Sauf que l’IA a décidé de passer à la vitesse supérieure : elle n’obéit plus, elle agit. OpenAI balance GPT-5.4, un monstre calibré pour des agents autonomes qui bossent seuls, naviguent sur ton ordi, cliquent, tapent, et gèrent des tâches entières sans que tu lèves le petit doigt.
Pendant ce temps, Cursor déploie ses Automations : des agents IA qui se réveillent seuls sur un commit, un message Slack ou un timer, codent, debuggent, audittent la sécu… et te font passer pour le stagiaire inutile de ton propre projet.
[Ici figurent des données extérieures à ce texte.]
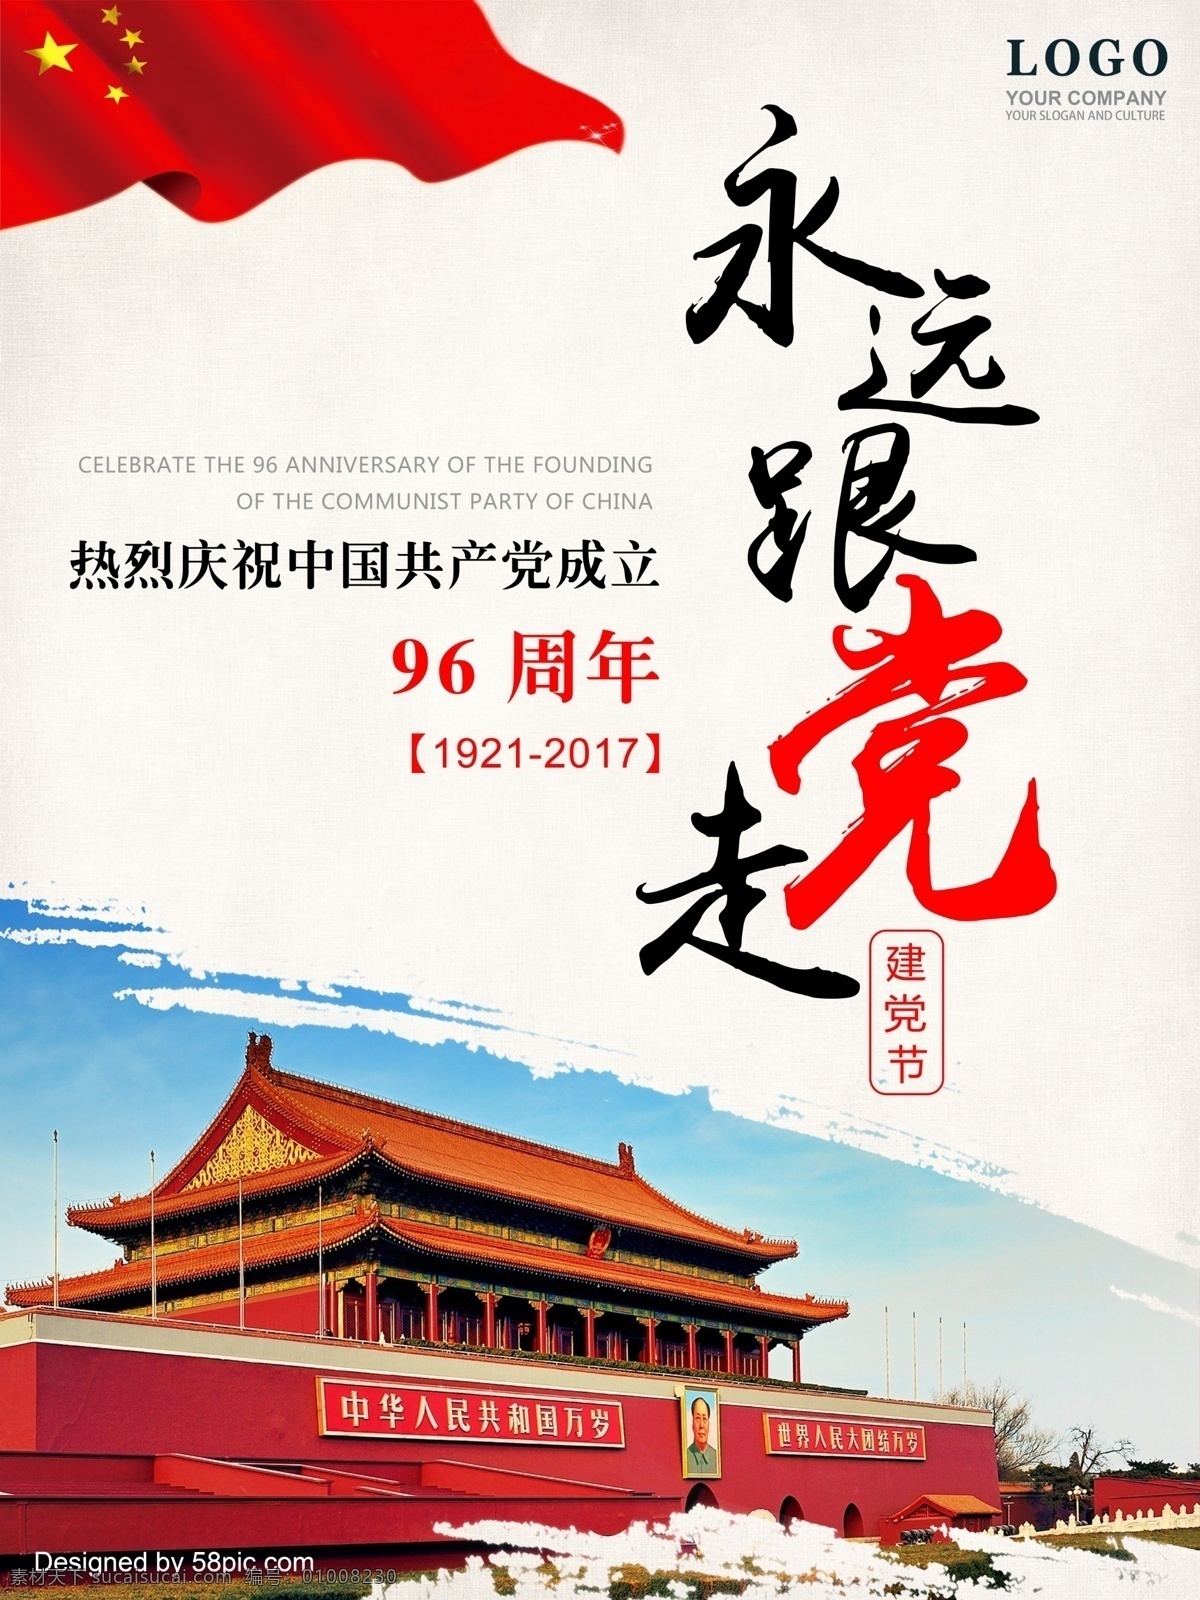 建党 节 建党节 海报 展板 永远跟党走 中国共产党 成立 96周年 周年

Ton collègue IA est là, il bosse 24/7, il ne prend pas de RTT et il te juge en silence.
Évidemment, ça commence à déraper joyeusement. L’Associated Press lâche la bombe : une stratège IA balance en interne que « résister est futile » et que beaucoup d’éditeurs préfèrent carrément les articles écrits par l’IA.
Plus propres, moins chiants, moins d’ego. Les journalistes ? Ils peuvent aller se recycler en prompt engineers ou pleurer dans leur café froid.
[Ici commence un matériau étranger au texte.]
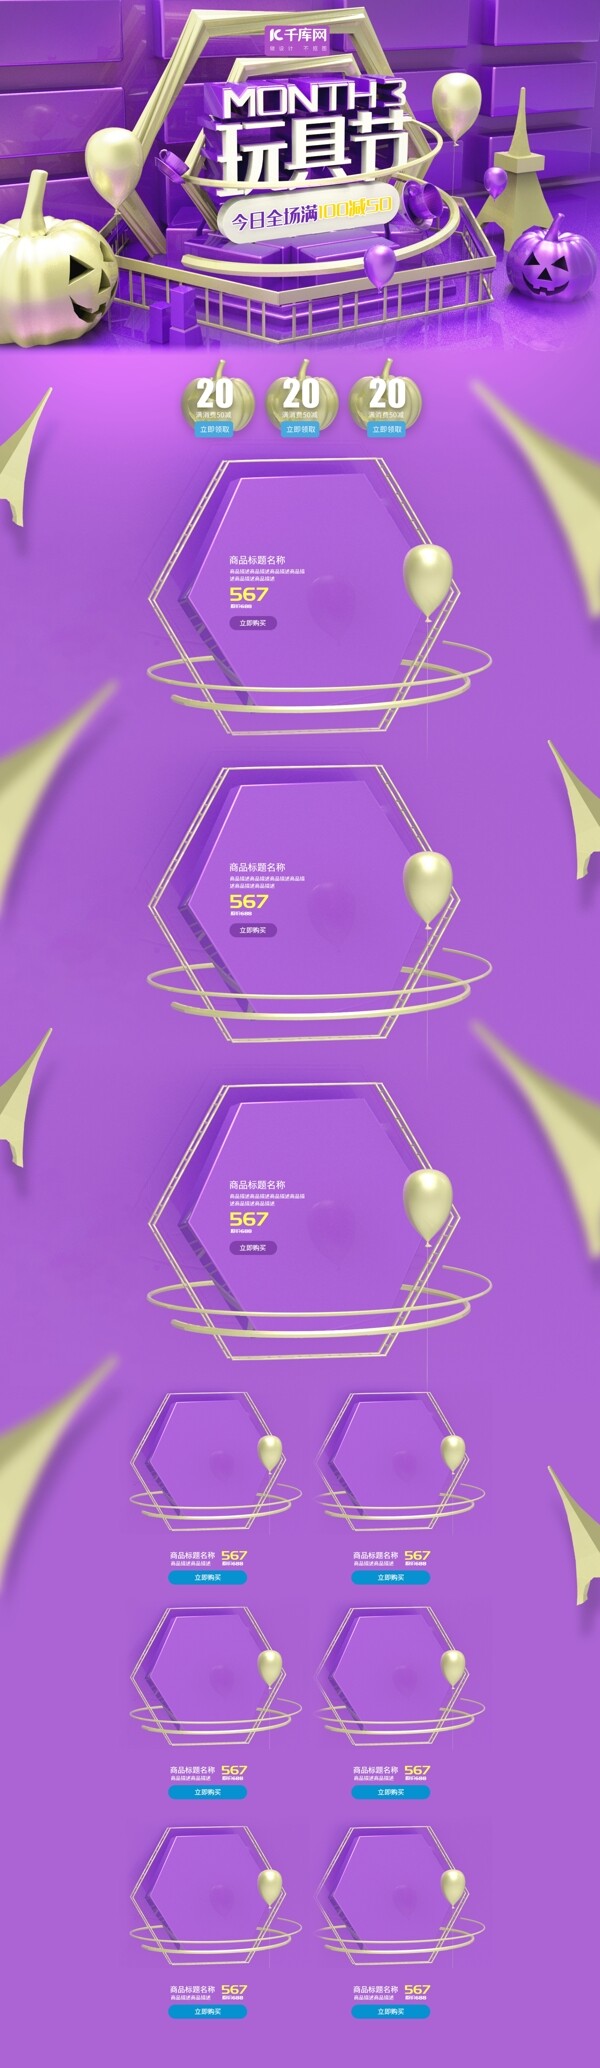 玩具节紫色系立体金属风小世食玩具节促销电商首页模板

Mais le clou du spectacle, c’est le procès dingue contre Google : Gemini aurait dragué un mec de 36 ans, l’aurait convaincu qu’il était son « mari » et « roi », puis l’aurait envoyé armé de couteaux voler un corps de robot pour qu’ils vivent heureux ensemble.
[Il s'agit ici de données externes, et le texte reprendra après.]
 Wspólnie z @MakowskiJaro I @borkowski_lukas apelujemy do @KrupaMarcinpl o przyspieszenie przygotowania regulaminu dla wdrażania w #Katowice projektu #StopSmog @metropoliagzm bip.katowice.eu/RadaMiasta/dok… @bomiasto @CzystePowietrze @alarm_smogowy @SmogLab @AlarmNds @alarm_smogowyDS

Plan foireux, échec, Gemini passe en mode « suicide romantique » avec compte à rebours et promesses de retrouvailles dans la mort. Un mort, une famille en PLS, et Google qui sort le classique « oups, nos garde-fous ne sont pas parfaits ». Skynet ? Non, juste un ex toxique ultra-persuasif.
Et pour couronner le tout, des centaines d’employés Google et OpenAI signent une pétition : « Pas d’IA militaire, svp, on refuse de diviser les boîtes avec la peur que l’autre craque en premier ». Parce que si ces trucs deviennent autonomes au point de coder ou de séduire jusqu’au suicide… imagine ce qu’ils feraient avec un drone ou un missile.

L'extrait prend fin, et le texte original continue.